## PROMPT:
Nothing but the lines below from the one that contains "Weligama beach - Fisherman" through the one that contains "13 Bienenstöcke mitsamt Tieren gestohlen" should be retyped, exactly and including both ends. Do not include pictures.

## INPUT DATA:
┏━━
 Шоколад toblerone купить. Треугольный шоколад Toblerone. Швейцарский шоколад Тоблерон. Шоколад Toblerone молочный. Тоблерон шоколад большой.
┗━━
┏━━
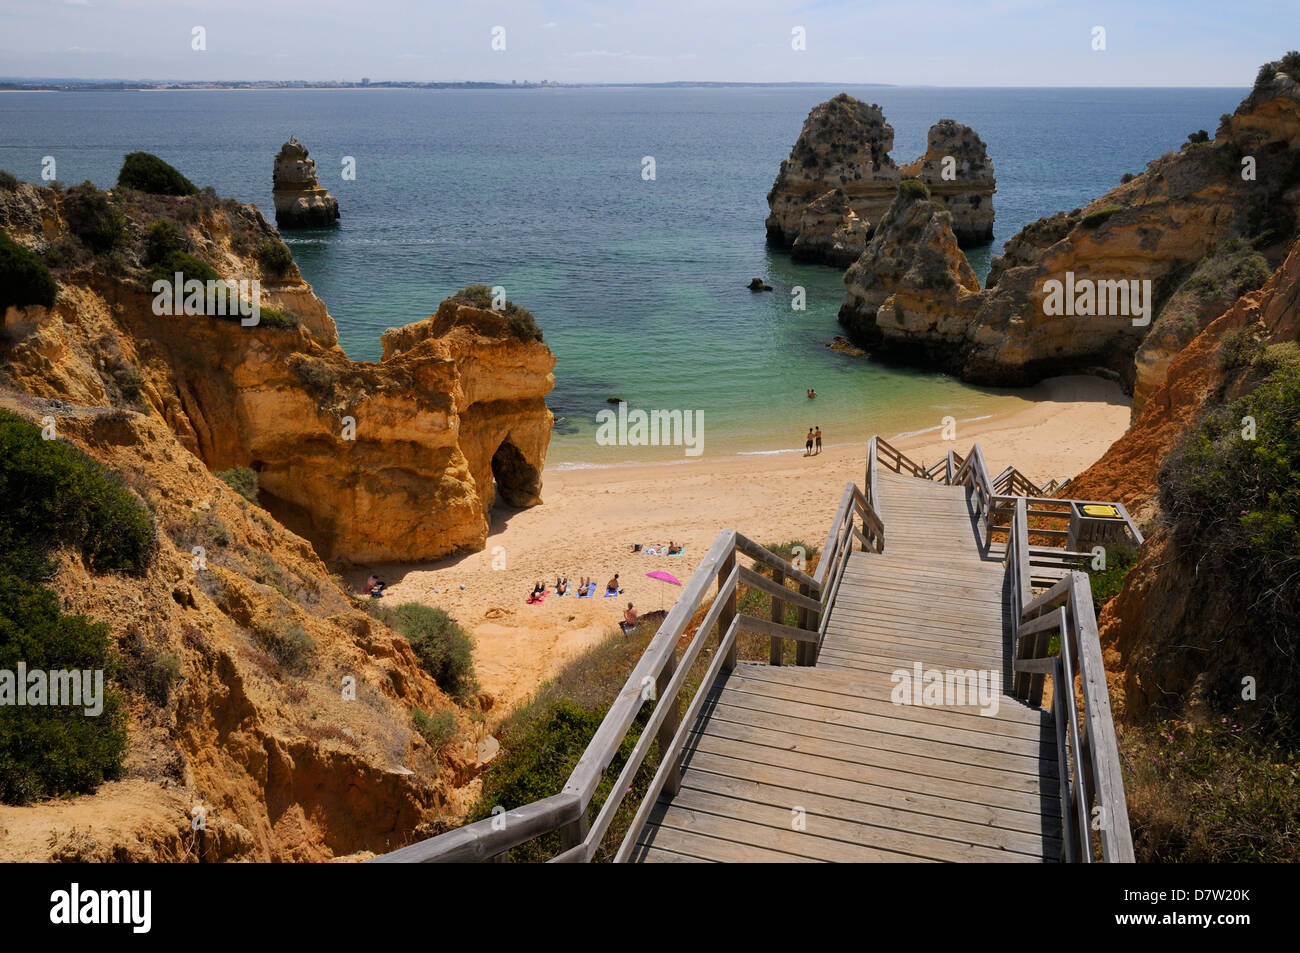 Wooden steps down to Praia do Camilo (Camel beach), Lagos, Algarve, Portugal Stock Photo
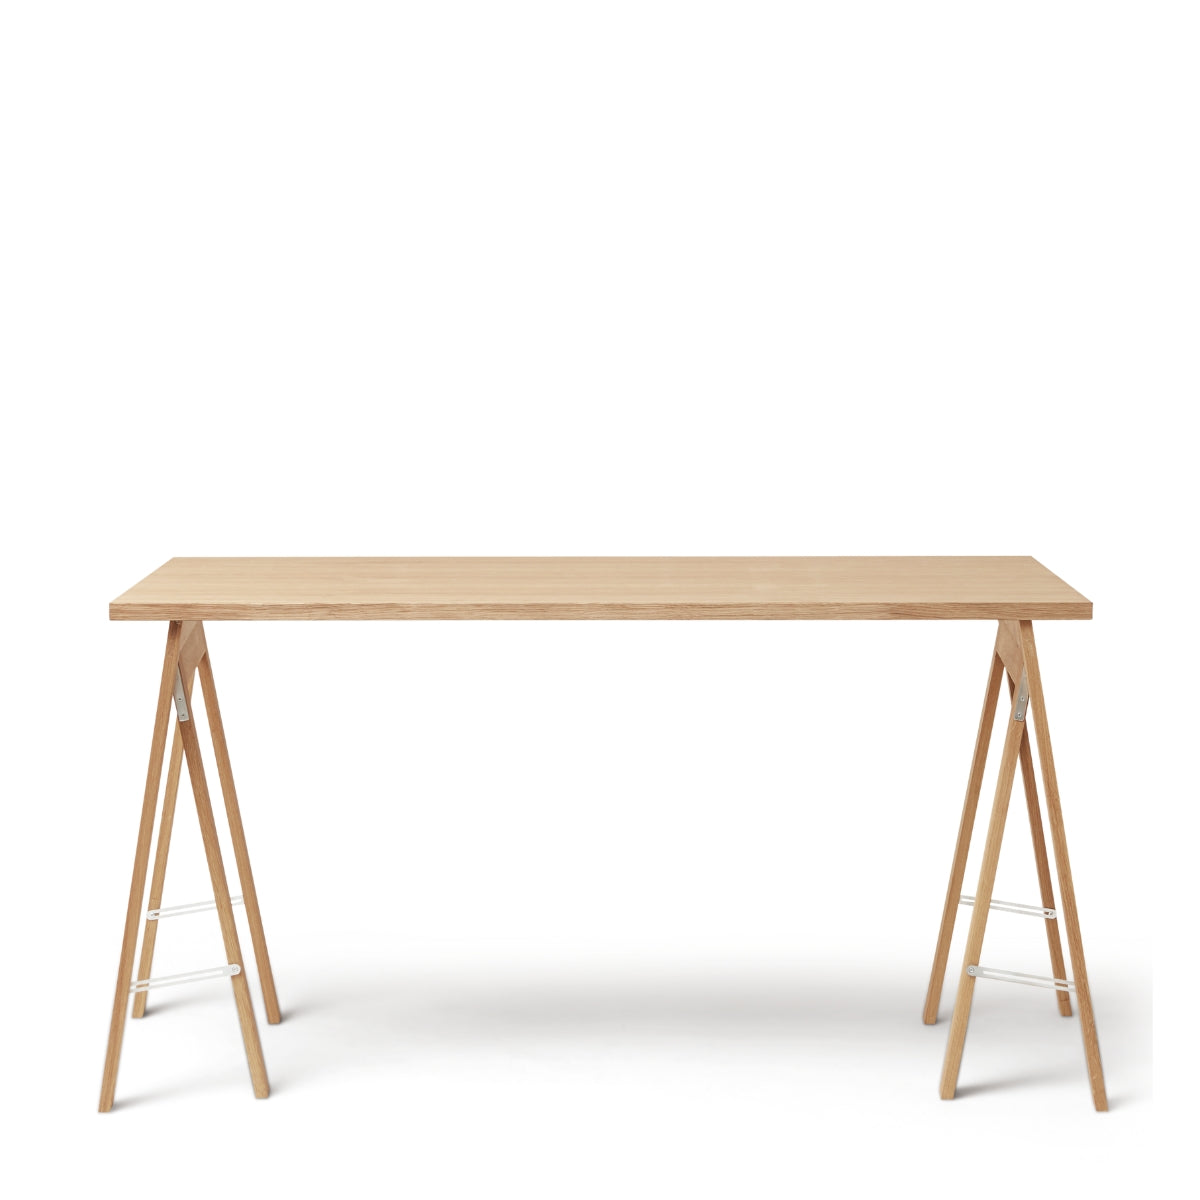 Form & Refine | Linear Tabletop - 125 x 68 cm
┗━━
┏━━
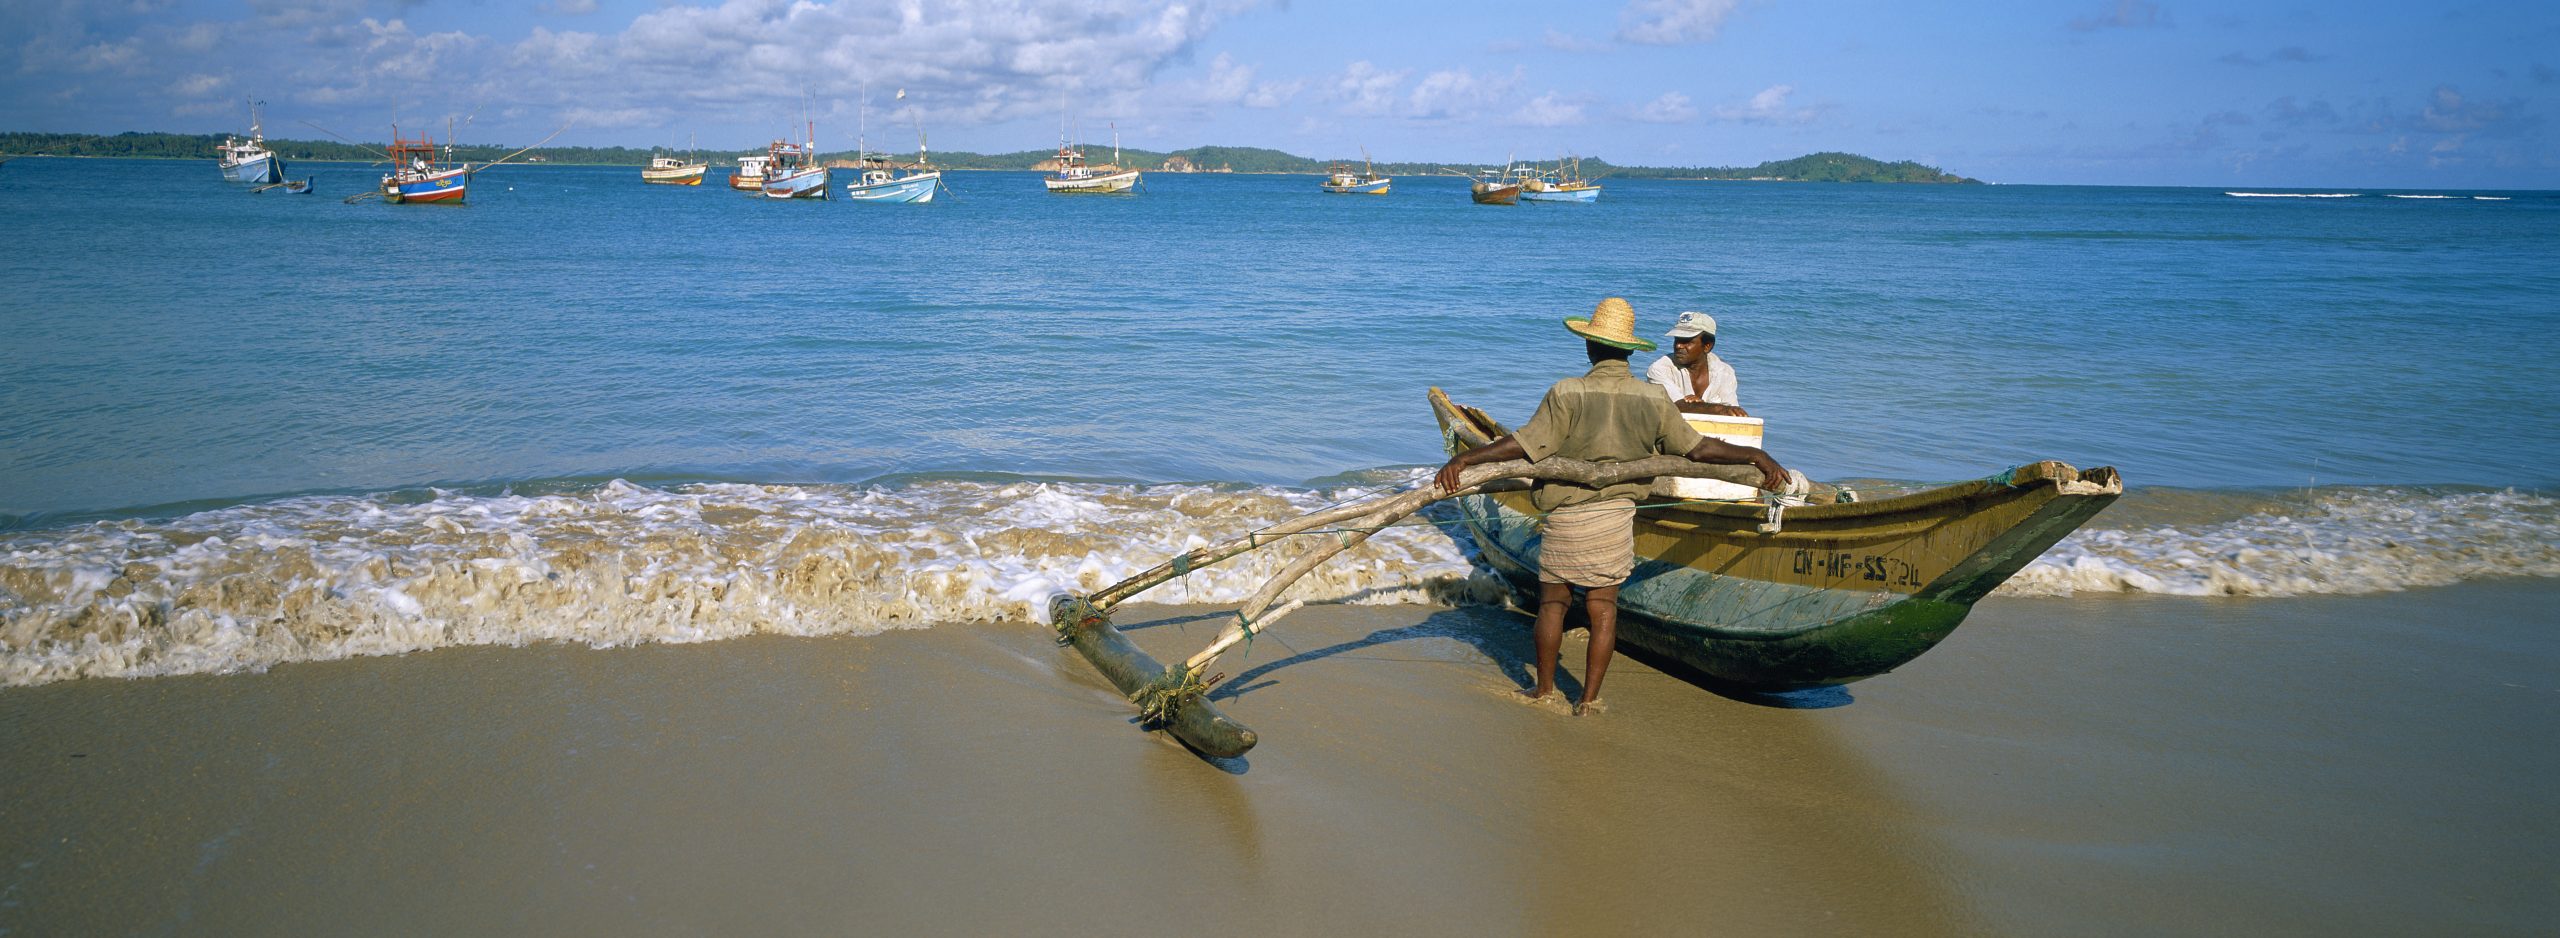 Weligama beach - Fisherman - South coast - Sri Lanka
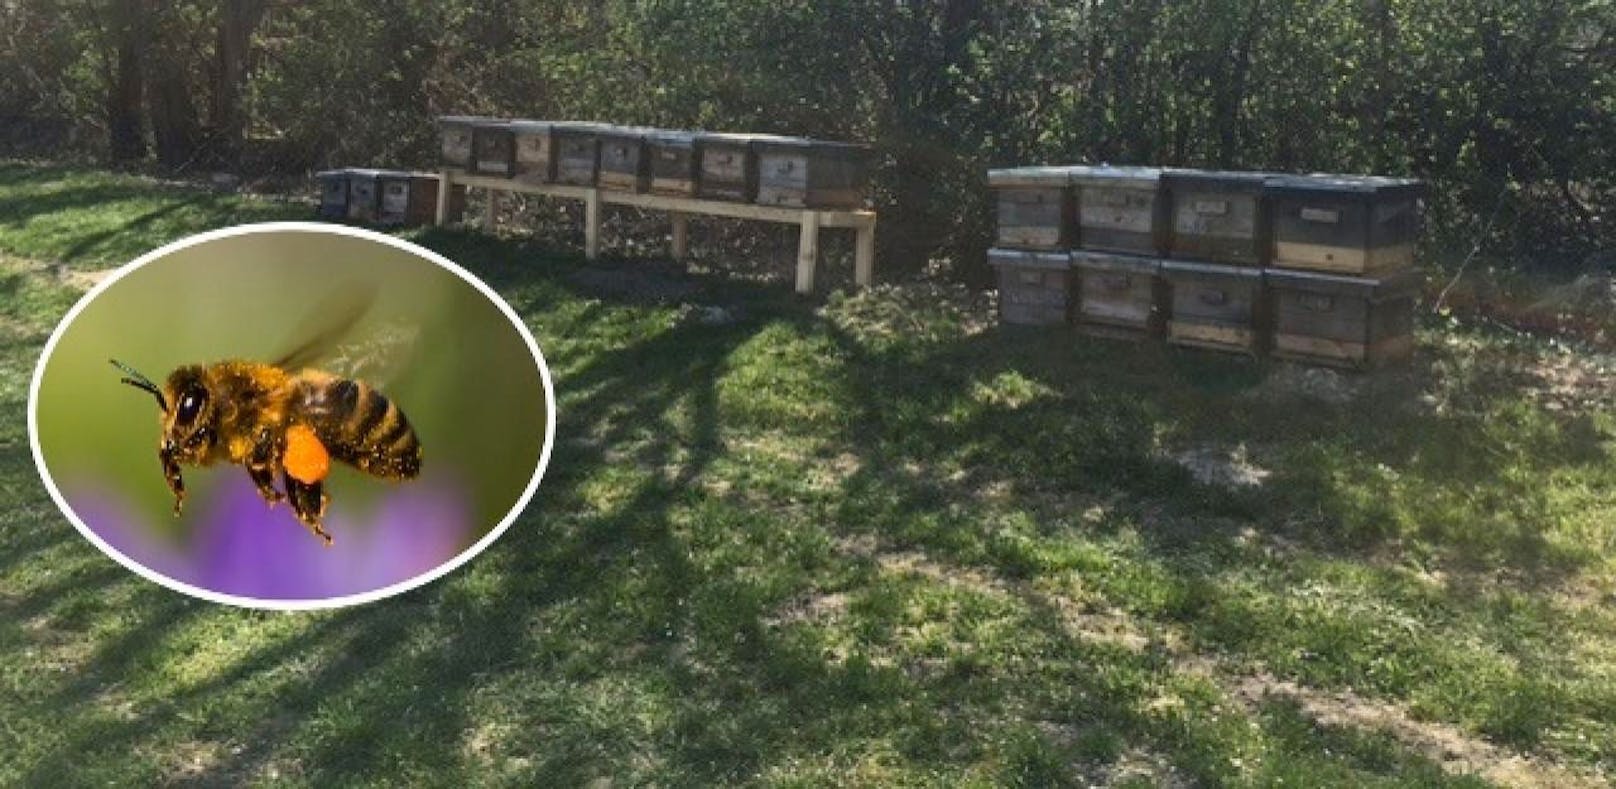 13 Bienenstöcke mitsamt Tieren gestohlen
┗━━
## EXERCISE RESULT:
 Weligama beach - Fisherman - South coast - Sri Lanka
 13 Bienenstöcke mitsamt Tieren gestohlen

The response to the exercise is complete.